For the sake of saving time and because my expected audience is cancer patients who can pretty much expect what the next two years after that were like, I will wrap it up into a few sentences. I spent the time between April 2014 and January 2016 on 4 clinical trials that only gave me life long medical issues I now deal with, 4 more surgeries on top of my first 2, and most recently a transplant trial after my scans in January came back worse then ever. It all clearly wasn’t working after we received those scans therefore I was a candidate for the TIL therapy trial. I was the first one to be administered the trial and it consisted of a week of chemo, a transplant, and a week of a strong drug called IL2. I had all the hopes in the world for this trial and I truly thought it was the one but all I came out with from that mess was no hair, possibly being infertile, 3 horrible weeks I will never forget and a beautiful scan four weeks later that lit up like a freaking christmas tree scattered with cancer. “It’s in your bones now, Chloe” AND thats the moment I realized I was done with western medicine.

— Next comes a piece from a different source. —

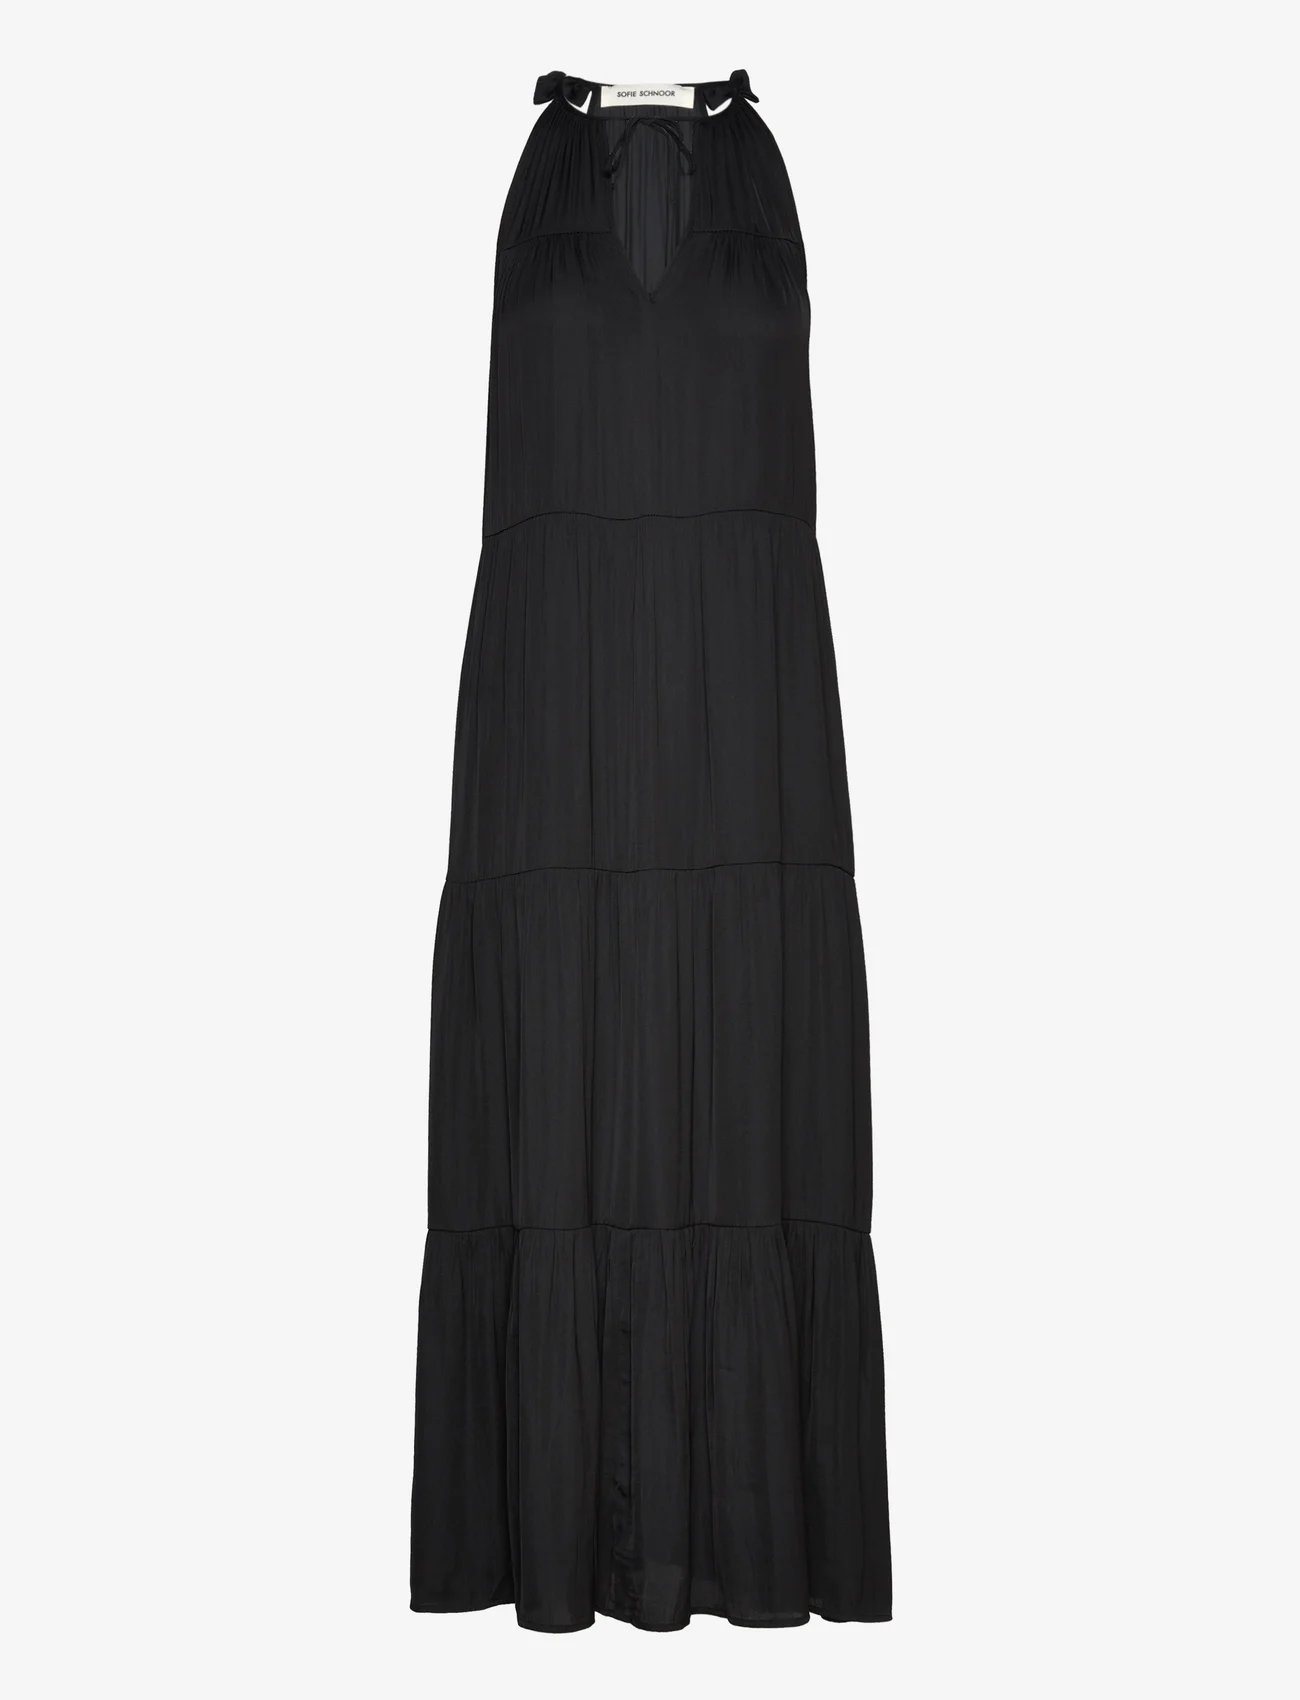 Sofie Schnoor - Long dress - maxi dresses - black - 0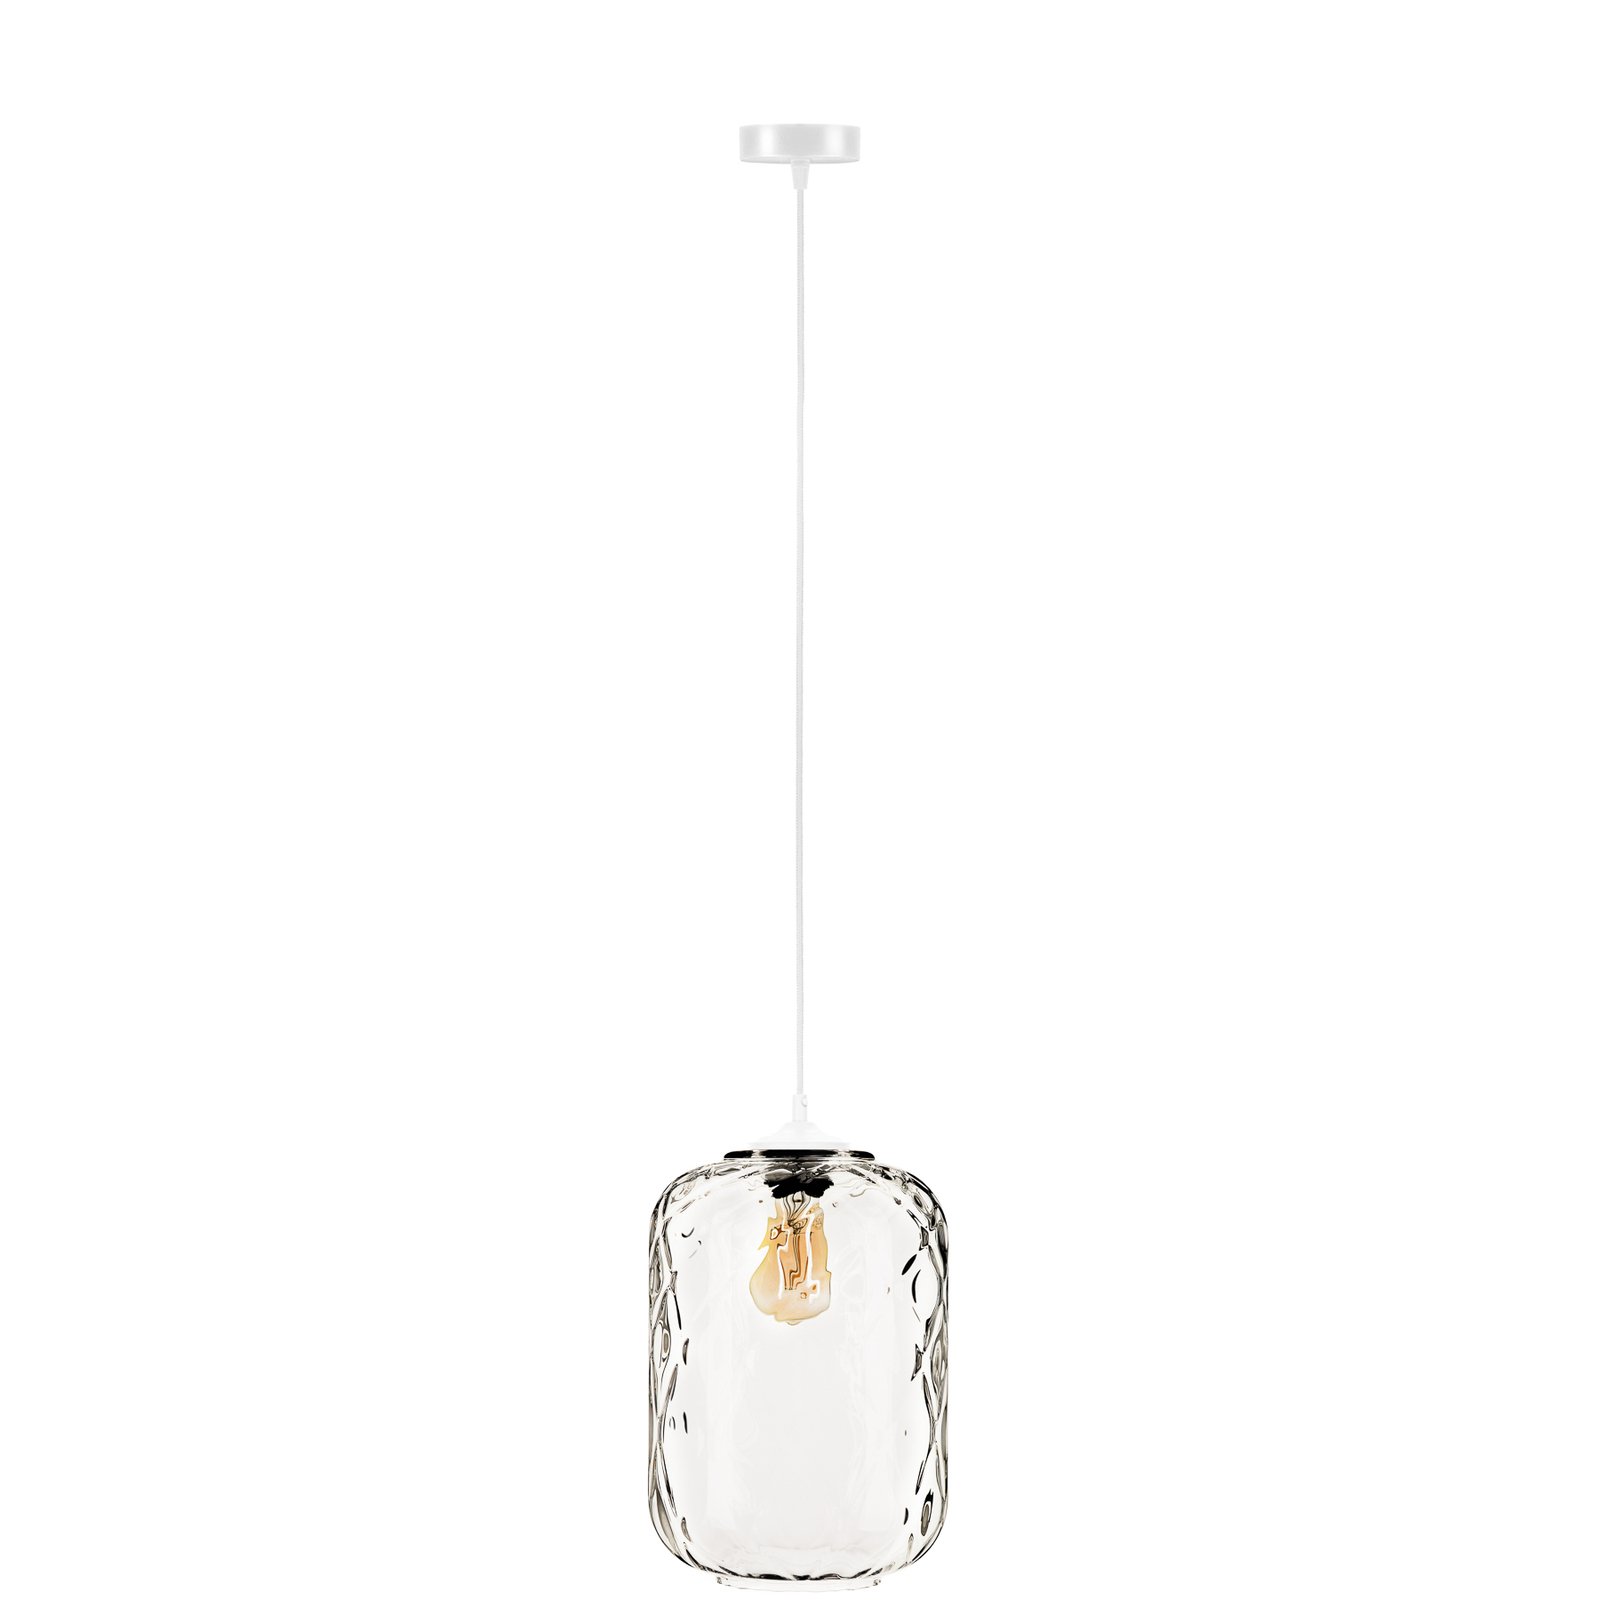 Tezeusz lámpara colgante con pantalla de cristal transparente Ø 24cm

A combination of my refusal to give up, my constant thoughts of knowing there was a cure out there they weren’t telling me about and now feeling more hopeless than ever led me to search for something else and thats when I found it. C.H.I.P.S.A. hospital in Tijuana, Mexico. After some more research and phone calls, a week of fundraising and lots of love and support from friends and family I found myself taking the picture featured above, arriving at C.H.I.P.S.A. to start three weeks of curing. This is where “My Story” stops…. for now. I say “for now” because I know this is just the beginning to a healthy, spiritual, purposeful life.